To do: What you return must match the data below exactly, minus any pictures.

Dataset extract:
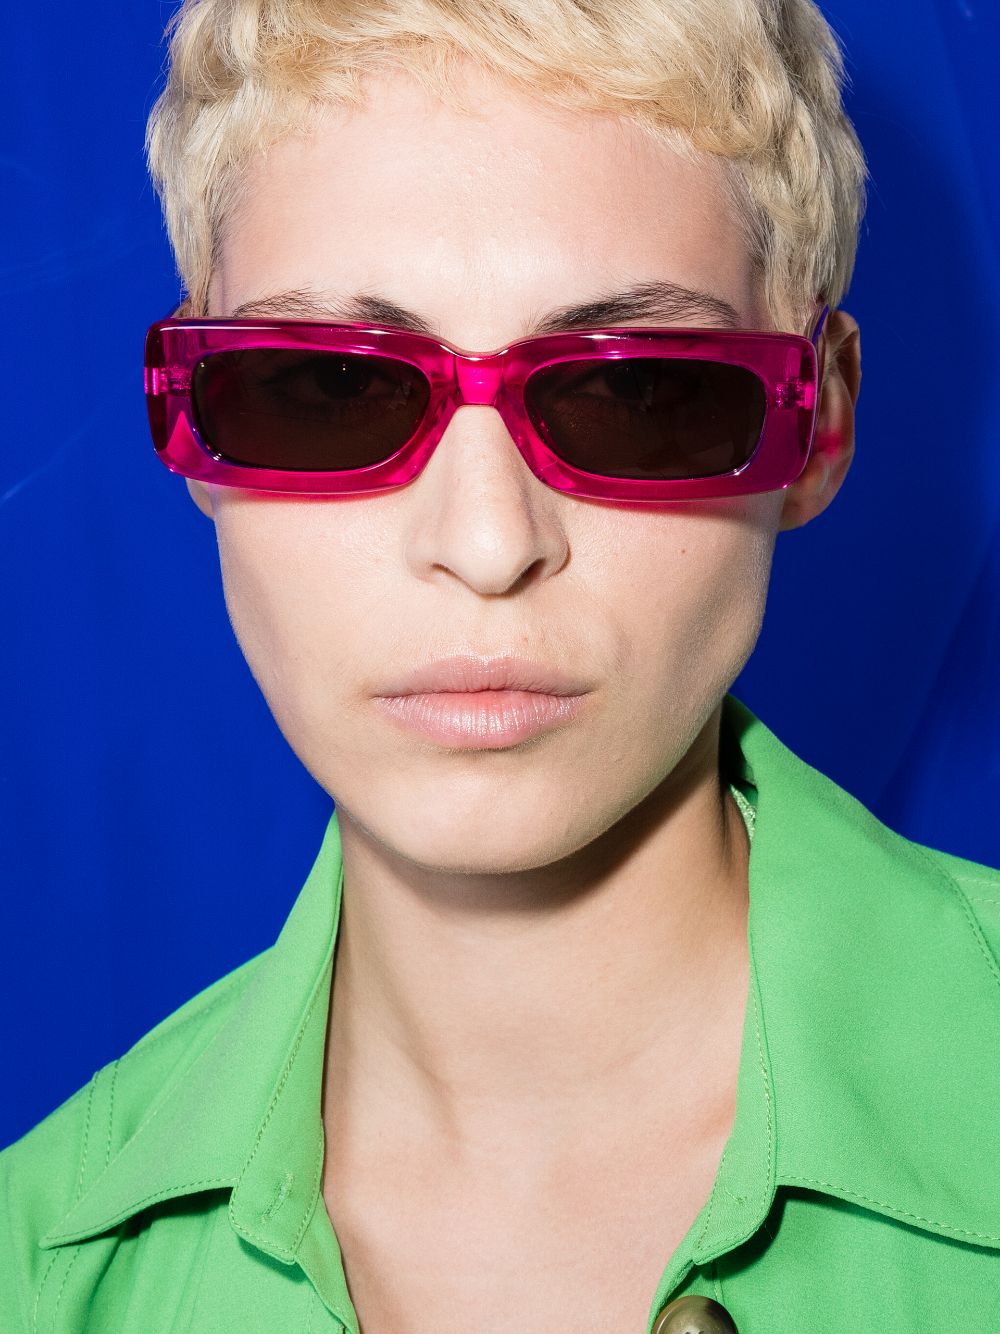 Linda Farrow x Attico Mini Marfa Sunglasses
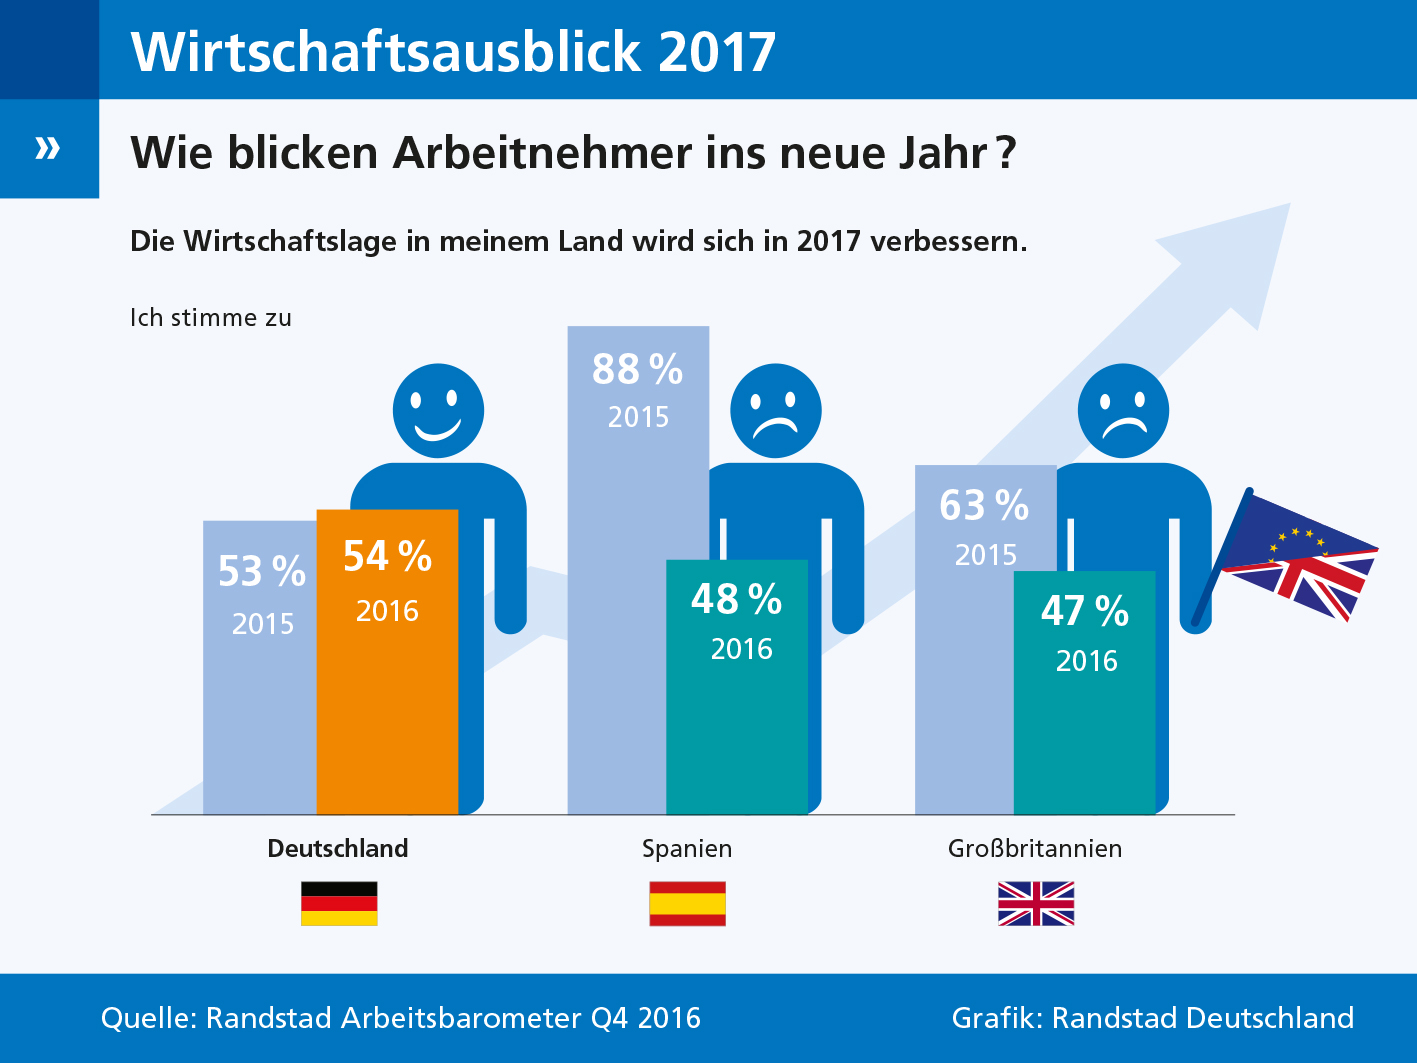 Die Arbeitnehmer in Deutschland blicken zuversichtlich ins neue Jahr. 54 Prozent der Befragten rechnen damit, dass sich die Wirtschaftssituation auch im nächsten Jahr verbessern wird, so das Ergebnis des aktuellen Randstad Arbeitsbarometers. Doch nicht überall in Europa sind die Arbeitnehmer so optimistisch. In Spanien und Großbritannien hat sich Ernüchterung breit gemacht. 
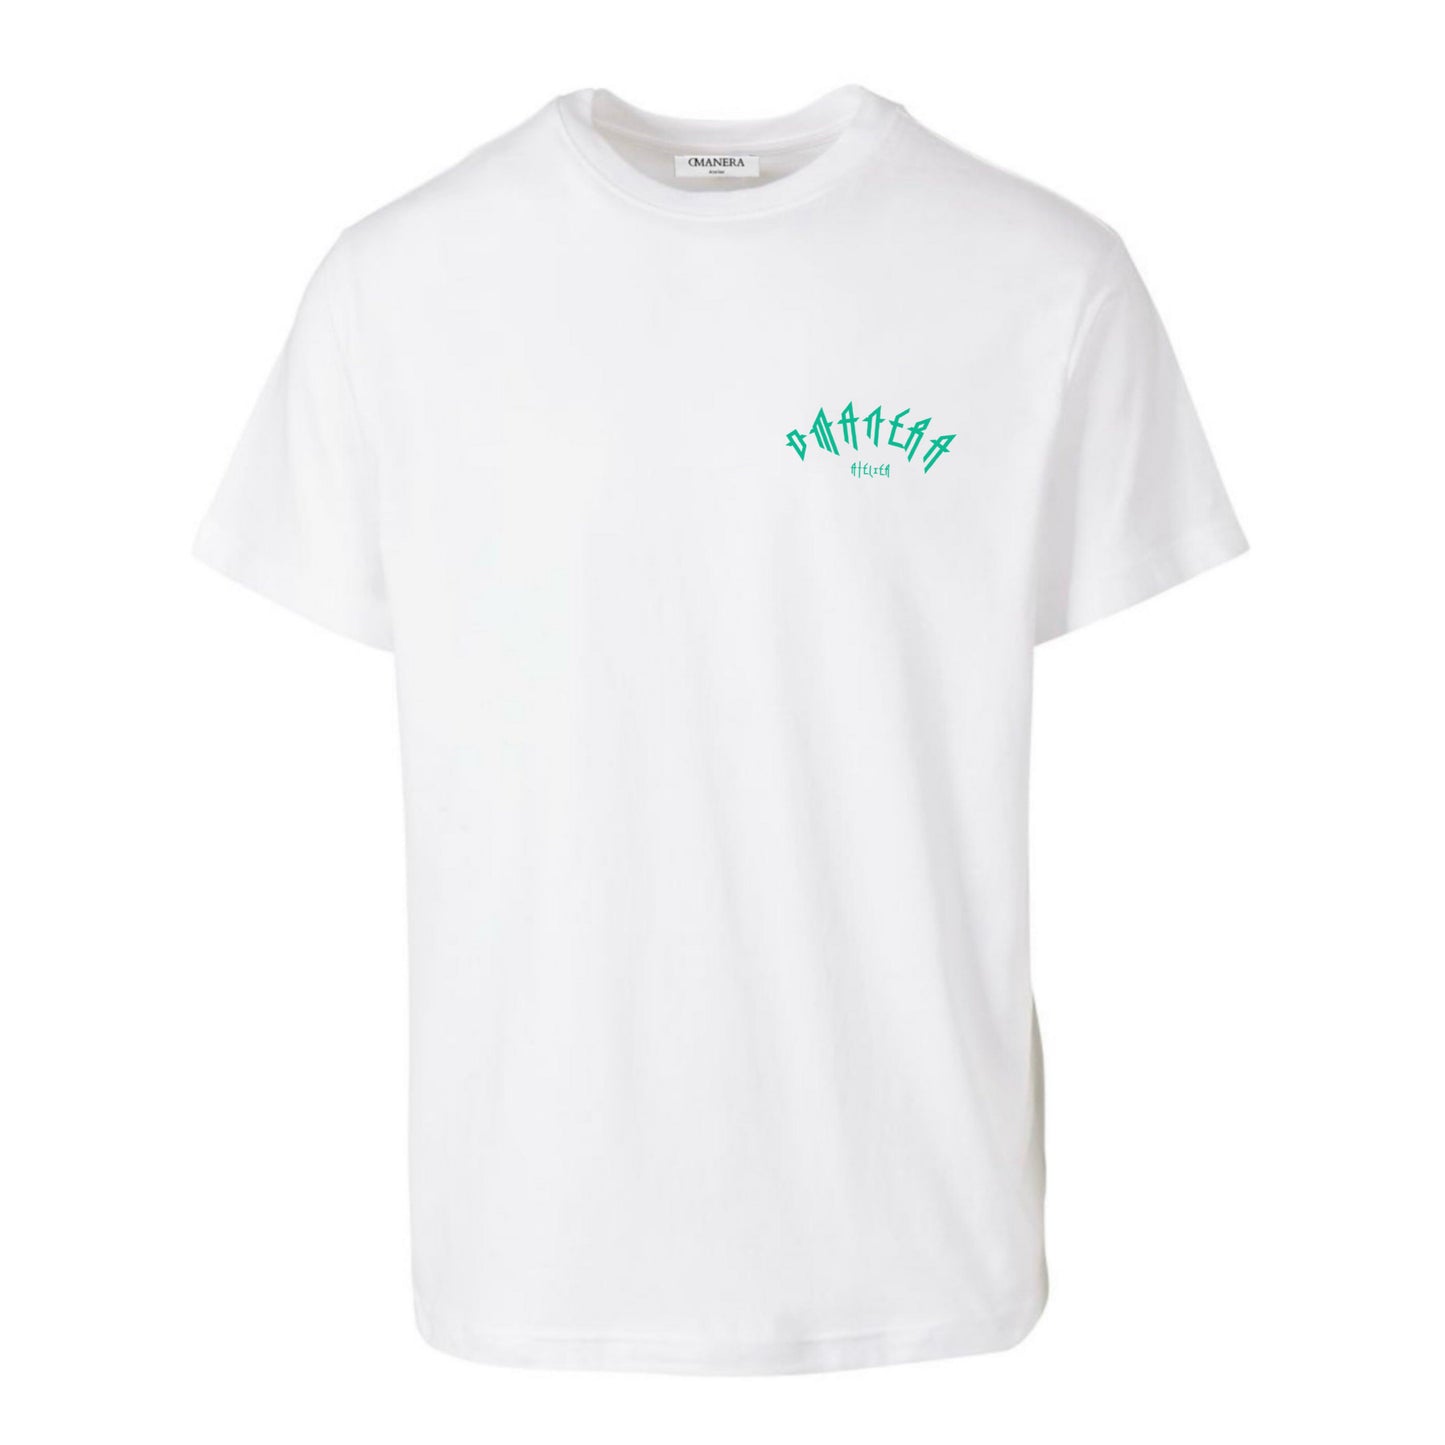 Premium Basic Shirt White/Green 190 g/m²

Answer space:
 Linda Farrow x Attico Mini Marfa Sunglasses
 Die Arbeitnehmer in Deutschland blicken zuversichtlich ins neue Jahr. 54 Prozent der Befragten rechnen damit, dass sich die Wirtschaftssituation auch im nächsten Jahr verbessern wird, so das Ergebnis des aktuellen Randstad Arbeitsbarometers. Doch nicht überall in Europa sind die Arbeitnehmer so optimistisch. In Spanien und Großbritannien hat sich Ernüchterung breit gemacht. 
 Premium Basic Shirt White/Green 190 g/m²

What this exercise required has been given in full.